Ebola, qui se transmet par contact avec les fluides corporels et provoque une fièvre hémorragique, a tué plus de 15.000 personnes en Afrique au cours des 50 dernières années. L'épidémie la plus meurtrière en RDC avait fait près de 2.300 morts pour 3.500 malades recensés, entre 2018 et 2020.

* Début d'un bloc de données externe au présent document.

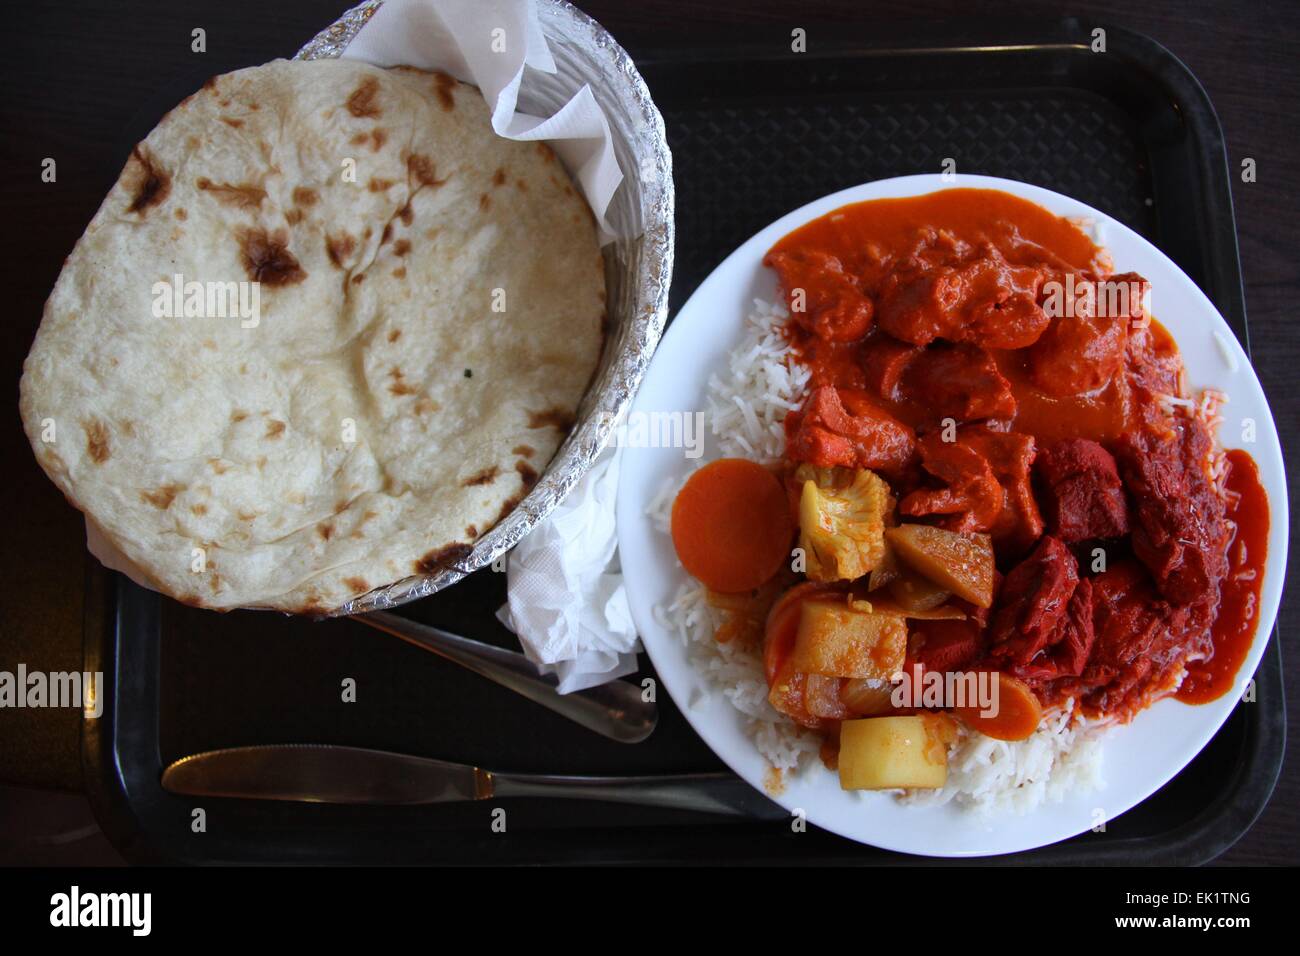 Indian food: beef vindaloo, butter chicken, vegetables and a popadam. Stock Photo

Au total, 600 décès et 1.759 cas confirmés ont été recensés en RDC depuis le début de l'épidémie actuelle, a indiqué l'OMS dans un point de situation daté du 7 juillet, alors que le bilan est maintenu à deux morts pour 20 cas confirmés en Ouganda voisin.
"L'épidémie continue de s'étendre et son ampleur réelle n'a pas encore été pleinement établie", a indiqué cette semaine en visioconférence avec Genève (Suisse) Anne Ancia, représentante de l'OMS en RDC.
"Malgré des progrès encourageants, nous continuons toutefois de faire face à des défis majeurs. Les centres de traitement actuels fonctionnent à environ 90% de leur capacité, ce qui exerce une pression considérable sur la réponse" sanitaire, a-t-elle ajouté.
Le foyer de la crise, dont l'ampleur réelle est encore difficile à mesurer et qui pourrait durer plusieurs mois, se situe en Ituri, province du Nord-Est congolais frontalière du Soudan du Sud et de l'Ouganda.
Le virus est aussi présent dans les provinces proches du Nord-Kivu et du Sud-Kivu, où les capitales provinciales et de larges pans de territoire sont contrôlées par le groupe armé antigouvernemental M23.
"Les déplacements de population, l'insécurité persistante et la fragilité du système de santé continuent de compliquer les efforts visant à maîtriser l'épidémie", a expliqué Mme Ancia, avertissant que "les besoins humanitaires demeurent importants, notamment en matière de protection des civils, d'accès à la nourriture et aux services de santé essentiels".
La 17e épidémie d'Ebola en RDC, déclarée officiellement le 15 mai, est causée par le variant Bundibugyo pour lequel il n'existe ni vaccin, ni traitement.
Un essai clinique portant sur deux traitements contre cette souche rare a commencé le 2 juillet, toujours selon l'OMS, qui a également accordé une autorisation d'utilisation d'urgence au premier test de diagnostic moléculaire du virus.